Monsieur Simonnot dit qu’il a écrit son conte, son roman, si l’on veut, pour montrer … Mais un récit fictif ne montre que l’imagination de son auteur ! … ne prouve jamais quoi que ce soit. Bien mieux, une anecdote réelle, n’est qu’un cas, pas une statistique. Il ne faut quand même pas confondre la littérature, même bonne, avec la sociologie ou avec l’étude des idées politiques.
Monsieur Simonnot, économiste de formation, a effleuré le thème de la condition humaine (sans d’ailleurs prononcer l’expression), de la fragilité de cette condition. Ce faisant, il semble bien peu à l’aise. Ce n’est ici qu’une constatation, pas une critique. Il a choisi de ne pas nous dire s’il était croyant, et en quoi, éventuellement en l’inexistence de Dieu. Ce n’était pas obligatoire, on le note seulement.

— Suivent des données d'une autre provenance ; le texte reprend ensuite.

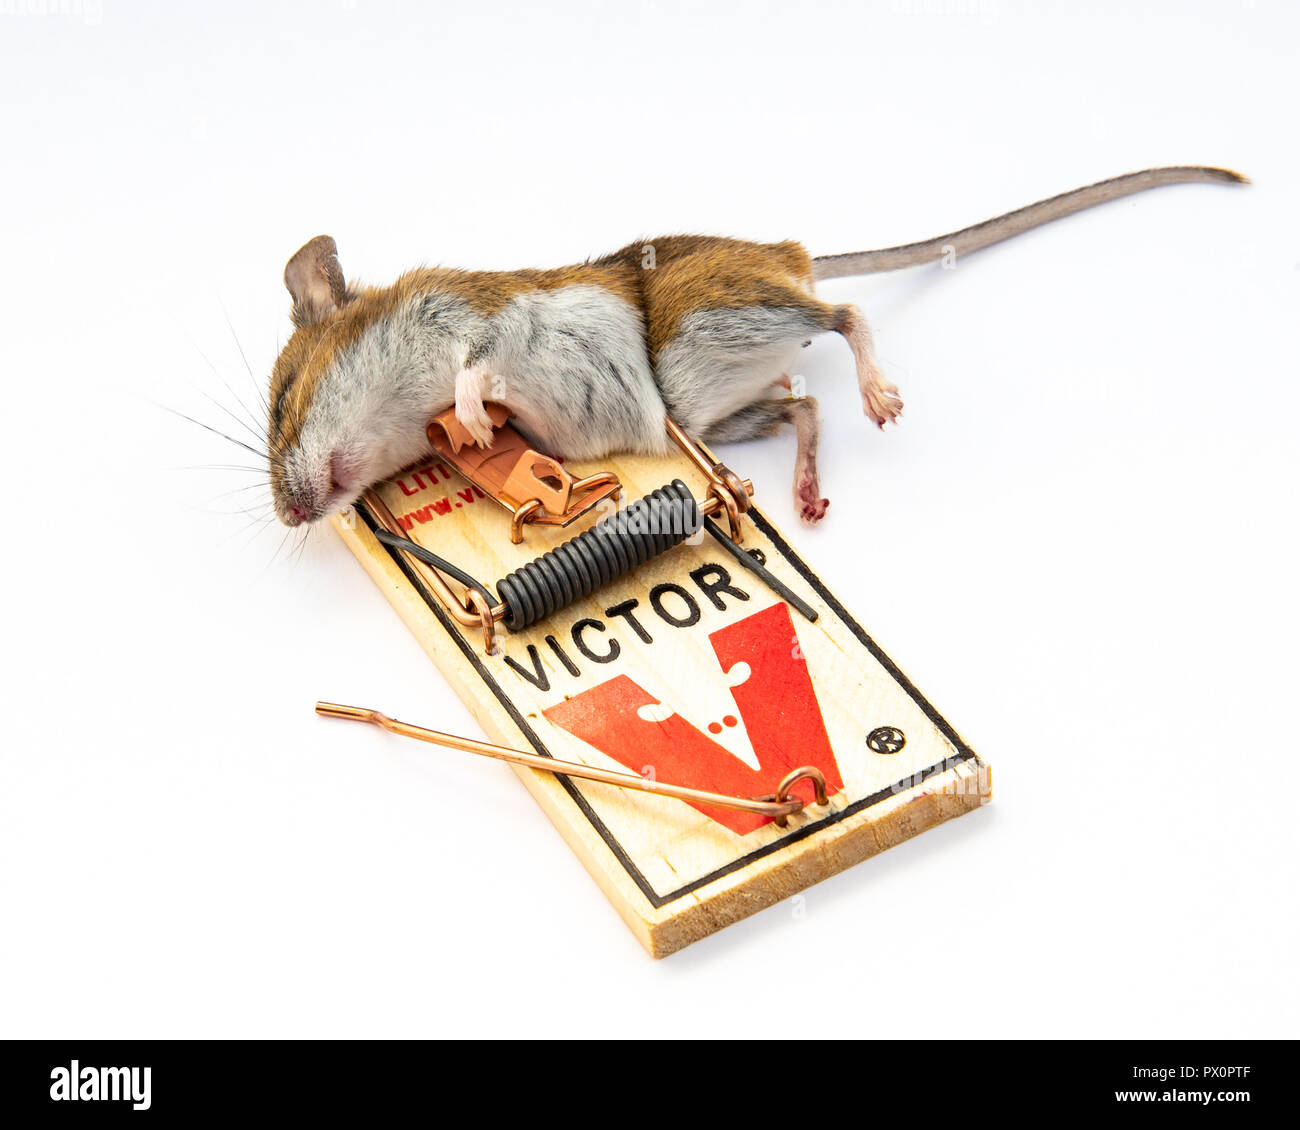 Image Of Mouse Trap Pest Control For Small Brown House Mouse Rodent Shown  Dead On In Plastic Mouse Trap After Being Humanely Killed With Broken Neck  Red And White Plastic Reusable Spring

Il a commencé à dire que le 11 septembre était “mère des événements”. C’est beaucoup de grandiloquence pour dire que l’événement a eu des conséquences. Les scientifiques ont montré plus sobrement que le battement des ailes d’un papillon à un endroit du globe peut avoir dans un autre endroit des conséquences valant sûrement le 11 septembre.
Au total, nous avons eu un orateur sympathique, assez humble, mais s’en remettant peut-être un peu trop souvent à Von Mises. Pour le spirituel, le surnaturel, on peut avoir d’autres références. Dieu donne assez de signes, pour que jamais, au dernier moment, aucune âme ne puisse dire “Mais Dieu, tu ne m’a jamais fait de signe, mais Dieu, tu es toujours resté caché”. Il a été dit : “ils ont peur de devoir croire”.
Les signes
Pour les bons, le miracle est une juste récompense. Pour les moins bons, c’est pour les amener à une bonté véritable. Pour les mauvais, aussi parfois, c’est pour les secouer, pour les persuader que J’existe et que Dieu est avec Moi. Le miracle est un don, et ce don est pour les bons. Mais Celui qui est Miséricorde et qui voit combien les hommes sont lourds et que seul un événement prodigieux peut les secouer, y recourt aussi pour pouvoir dire : « J’ai tout fait pour vous, et cela n’a servi à rien. Dites-Moi donc vous-mêmes ce que je dois faire de plus ? ».
A partir d’un sujet plutôt flou “les fous de Dieu du 11 septembre étaient-ils rationnels ?”, on a eu un exposé assez décousu. Ceux qui ont attendu la conclusion pour être sûr des intentions de l’orateur, ont dû rester sur leur faim. M. Simonnot a eu un certain nombre de considérations métaphysiques assez banales qui font deviner que lui-même a peu de convictions arrêtées de ce côté. Les auditeurs qui on attendu sa conclusion pour être sûr de ses intentions ont pu rester sur leur faim. Et… si tout cela n’était que le lancement ou le rappel d’un conte en librairie ?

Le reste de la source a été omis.